* AIM OF THE TASK *
Return the whole listing unchanged. Drop the images.

* SUPPLIED INFORMATION *
--

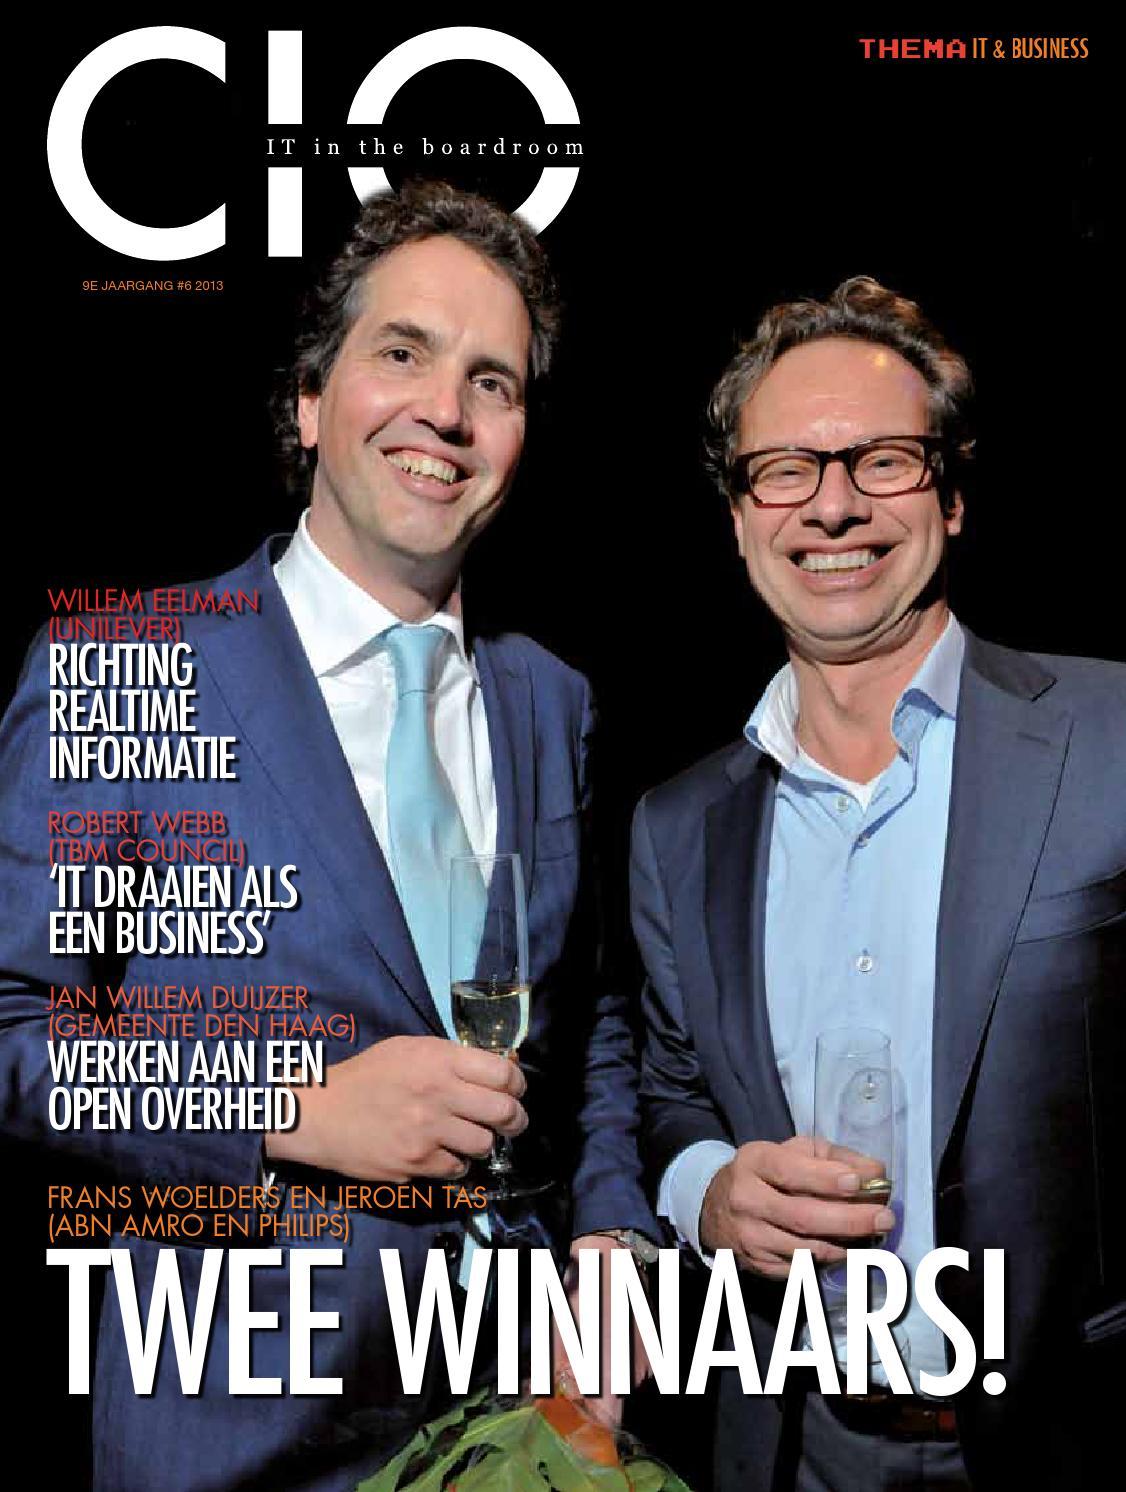 FM Magazine - Finance & IT Special 2015 by Jeppe Kleyngeld - issuu
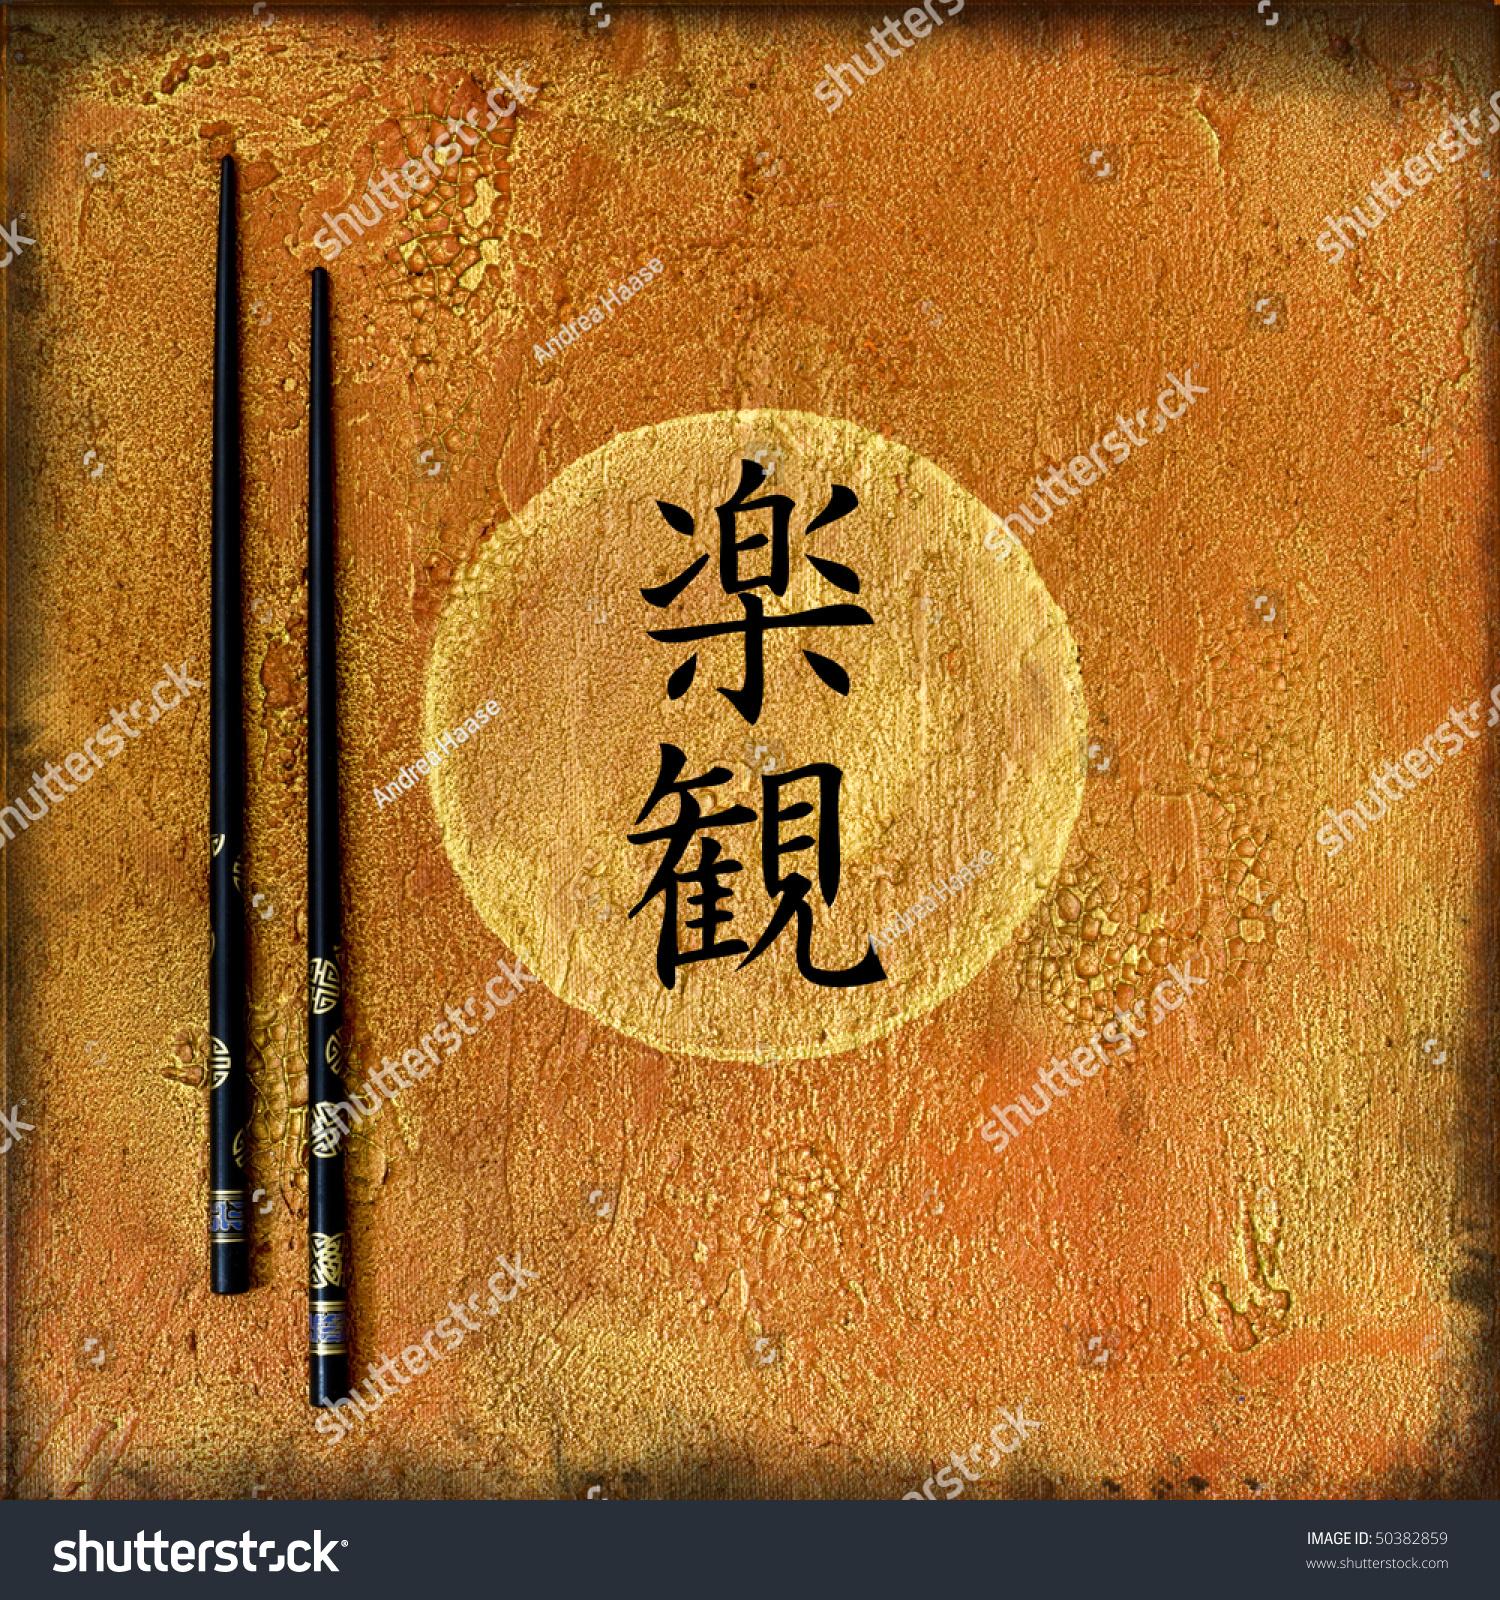 Artwork Chinese Symbol Optimism Art Digital Stock Illustration
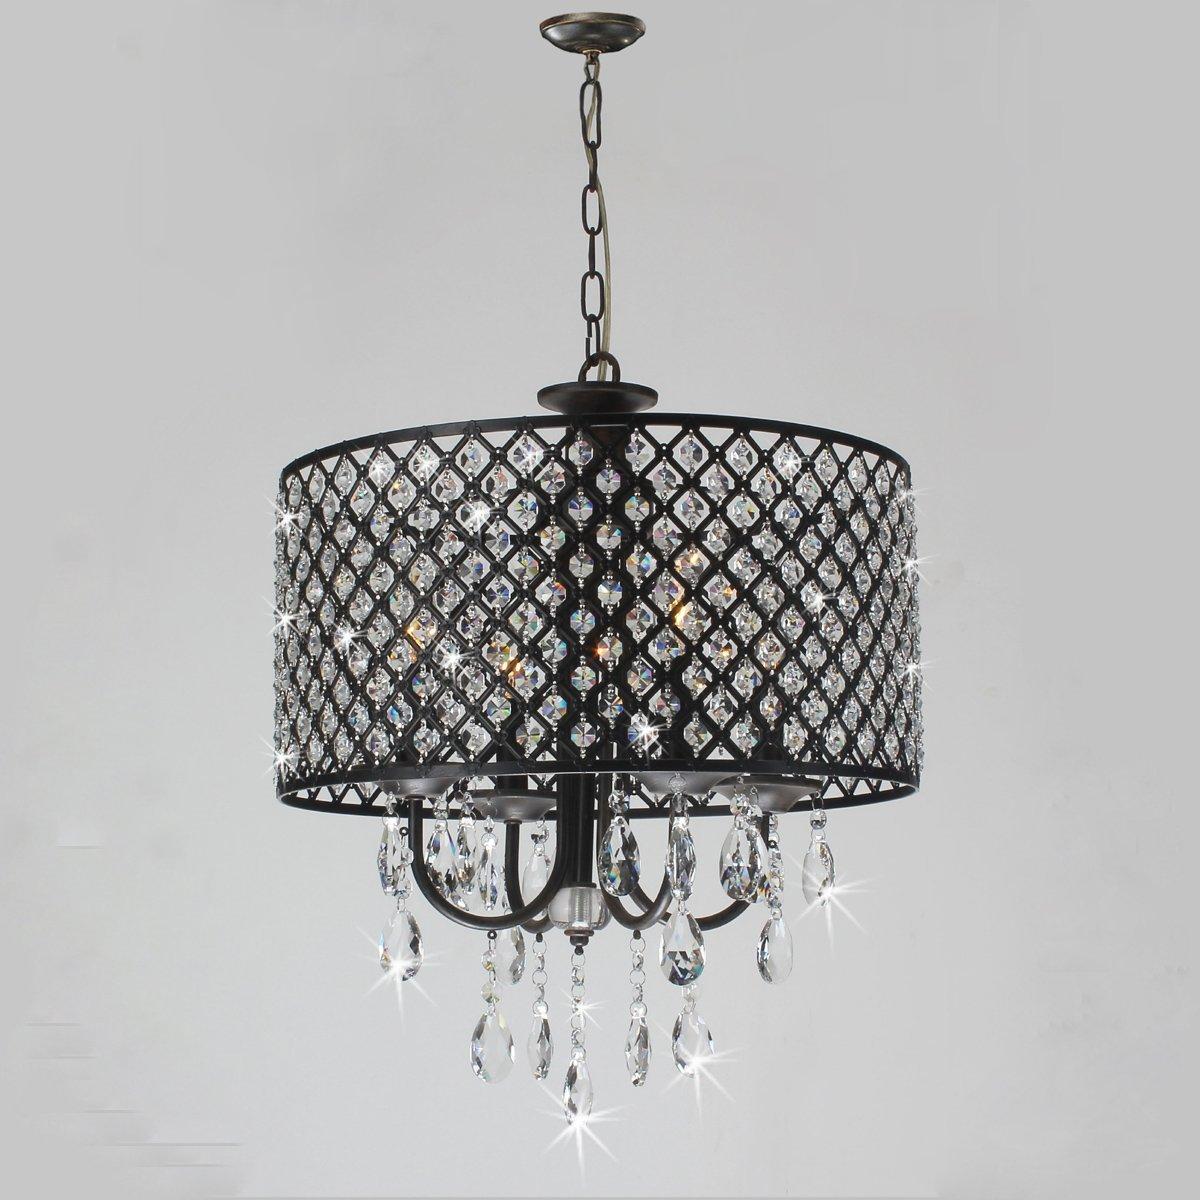 New legend lighting antique black 4 light round crystal chandelier new legend lighting antique black 4 light round crystal chandelier pendant ceiling fixture amazon aloadofball Gallery

--

* TASK ANSWER *
 FM Magazine - Finance & IT Special 2015 by Jeppe Kleyngeld - issuu
 Artwork Chinese Symbol Optimism Art Digital Stock Illustration
 New legend lighting antique black 4 light round crystal chandelier new legend lighting antique black 4 light round crystal chandelier pendant ceiling fixture amazon aloadofball Gallery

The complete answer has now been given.